The inability of Shariah as a jurisprudence and positive law to provide Transparency is systemic. Any legal or normative system which is not articulated and enforced within a political structure of codified laws, procedures, courts, binding legal opinions providing precedence, and effective enforcement mechanisms will, by definition, lack Transparency. Shariah is at its essential core by its own terms a divinely ordained law which can never be subordinated to a secular political, legal, or regulatory system. SCF is an attempt by the participants – financiers, businessmen, facilitators, and Shariah authorities – to fit the divine law within a modern secular political, legal, and financial system. But should a secular court or legislature attempt to codify Shariah’s precepts as they apply to SCF in an effort to establish Transparency, aside from the constitutional issues this would raise in the U.S., it would fail its fundamental purpose because Shariah cannot be rendered subservient to secular law.
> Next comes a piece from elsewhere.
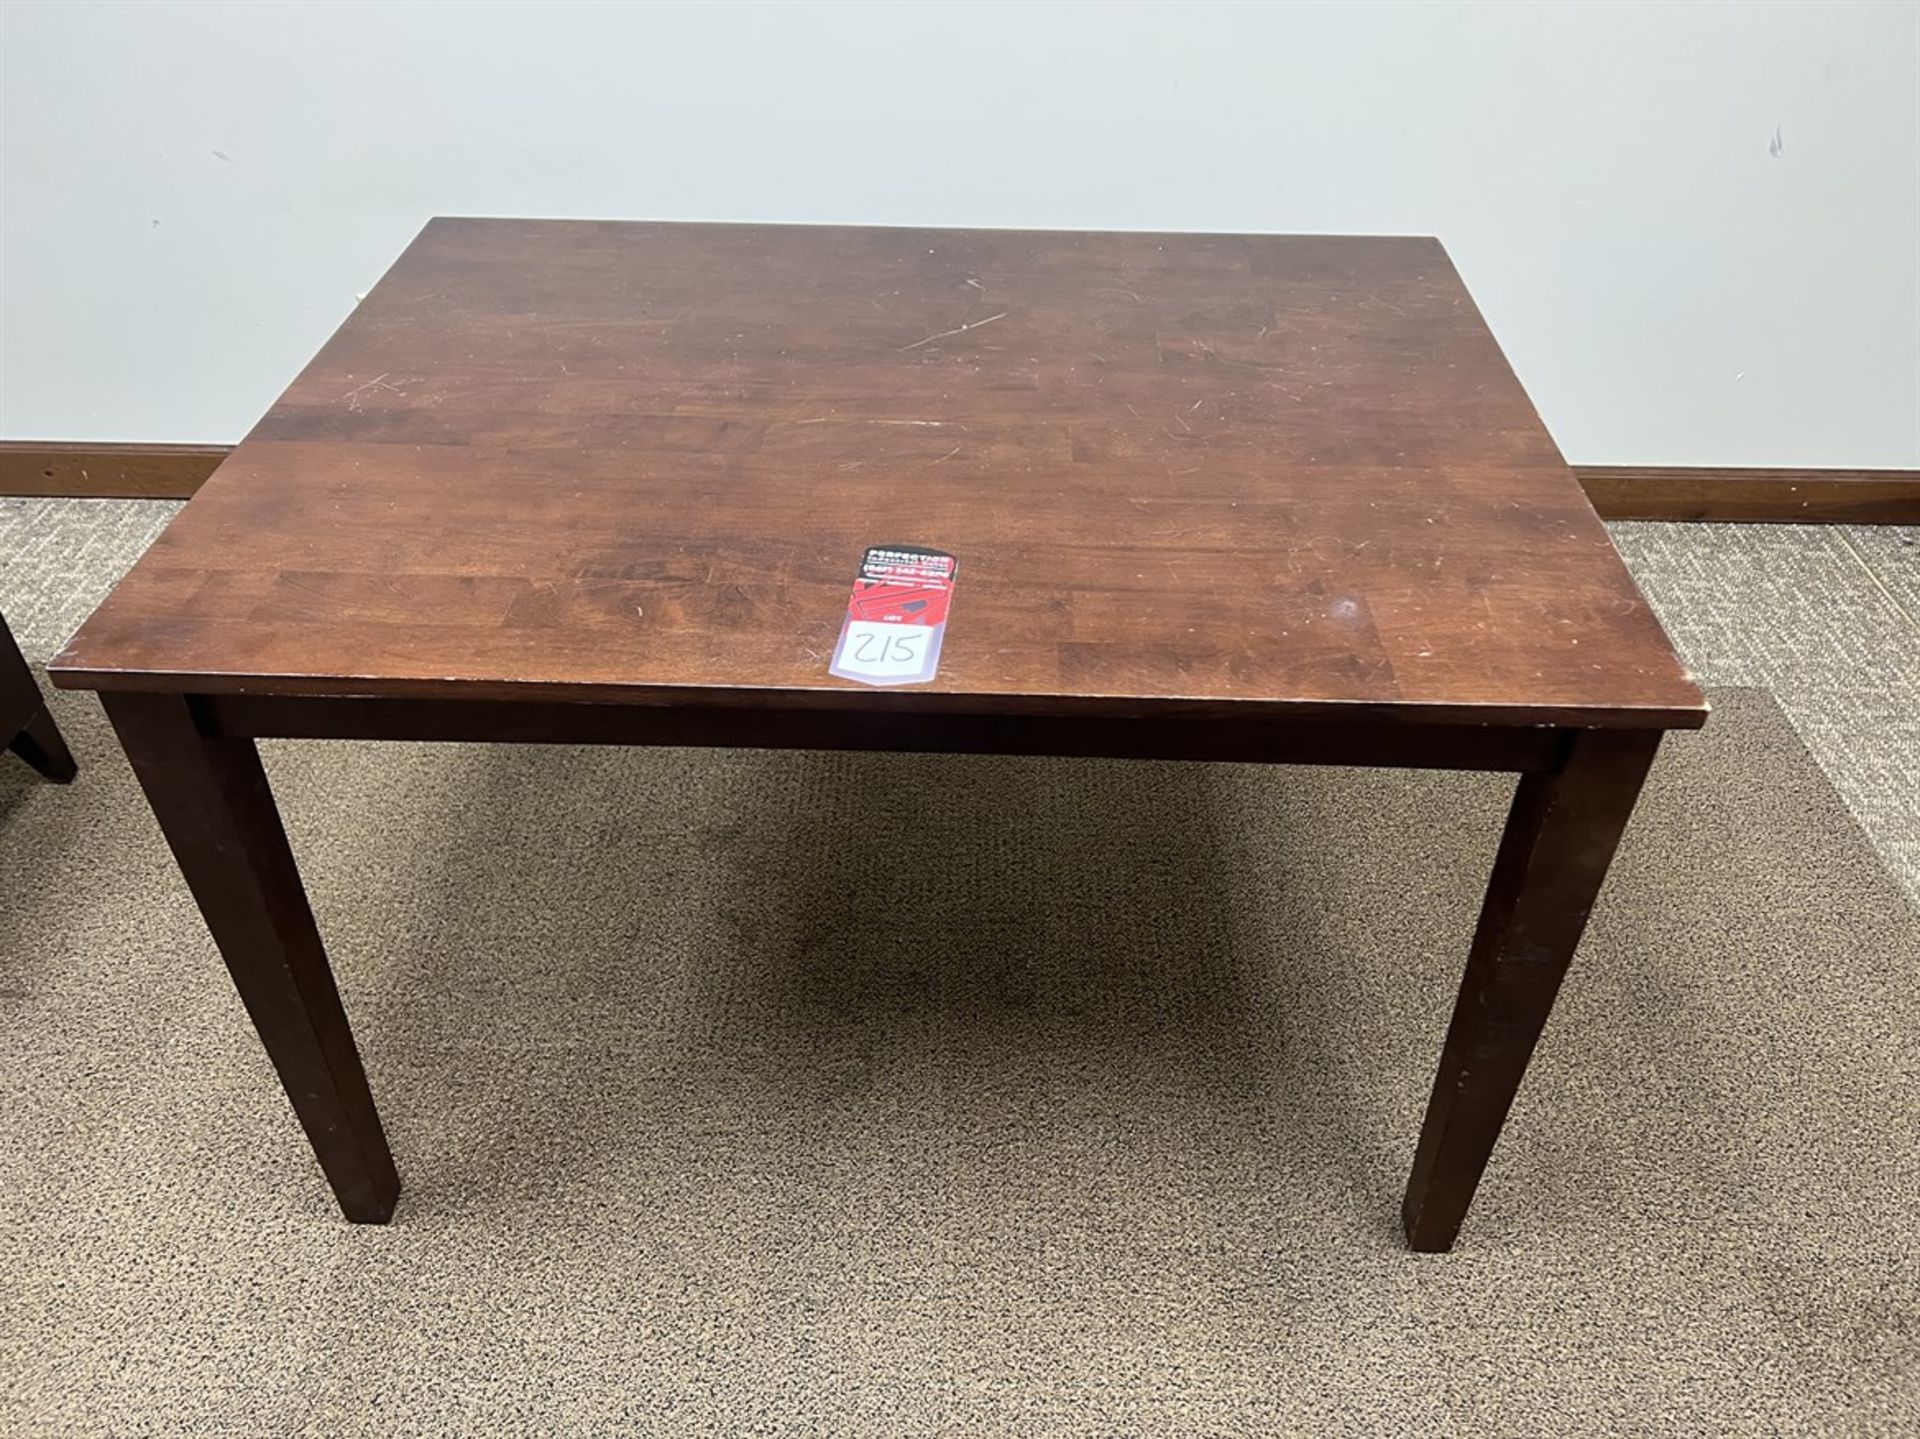 Wood Table, 36" x 48" w/ End Table - Image 2 of 3
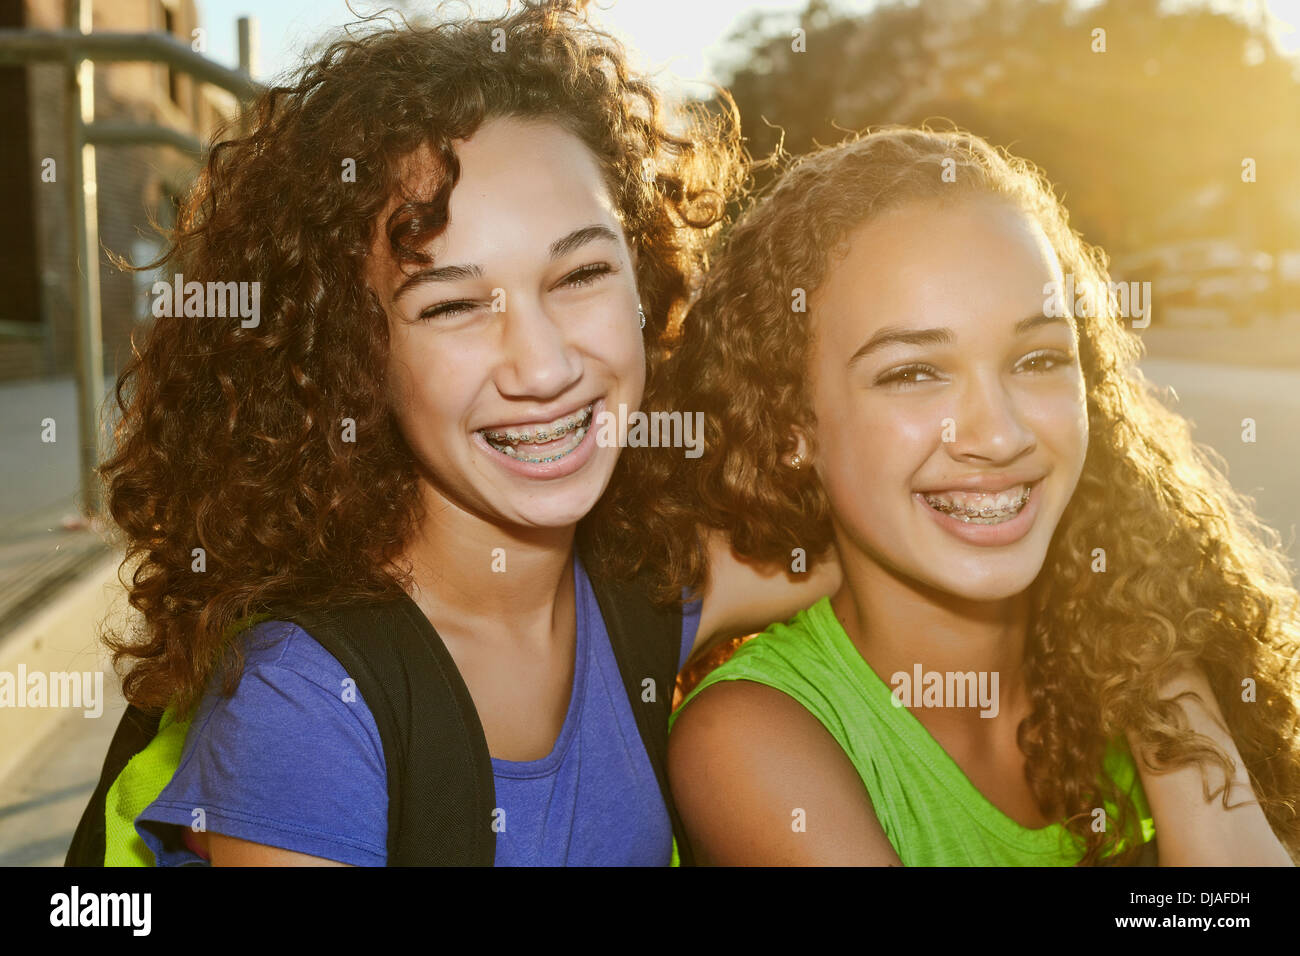 Mixed Race girls smiling Banque D'Images

In stark contrast, domestic finance and commerce in the U.S., and indeed international financial transactions, are based upon Western legal financial structures which provide Transparency. It is Transparency which renders a complex transaction quite manageable and viable. When the parties to a transaction and the professionals facilitating it know that a given transaction format has been used before successfully after being stress tested and enforced in many forums under various circumstances, the risks of the deal are then limited to the specific business terms and market conditions rather than the formalities of the documents and their enforcement. In these transactions, the lawyer can opine safely and with confidence because he knows the rules of the game and knows they are not subject to fiat or challenge.
This is not the case when a lawyer confronts a high-stakes, complex SCF transaction. In order to render a legal opinion that will satisfy the parties and necessary third-parties such as a rating agency for a bond securitization, a whole host of issues arise that cannot be rationally addressed for at least two reasons: One, certain transaction restrictions applicable to SCF are considered divine and unalterable. Two, those aspects of a transaction subject to human reason are not subject to any human reason, but to the reason of a Shariah authority. For example, interest income is understood by most Shariah authorities today to be forbidden. The result has been that SCF utilizes all sorts of Shariah-compliant transactional structures to convert the exact same income stream (including its variability by pegging it to an index such as the LIBOR) from interest to something else, such as lease payments. In legal parlance, this is the application of “form over substance”.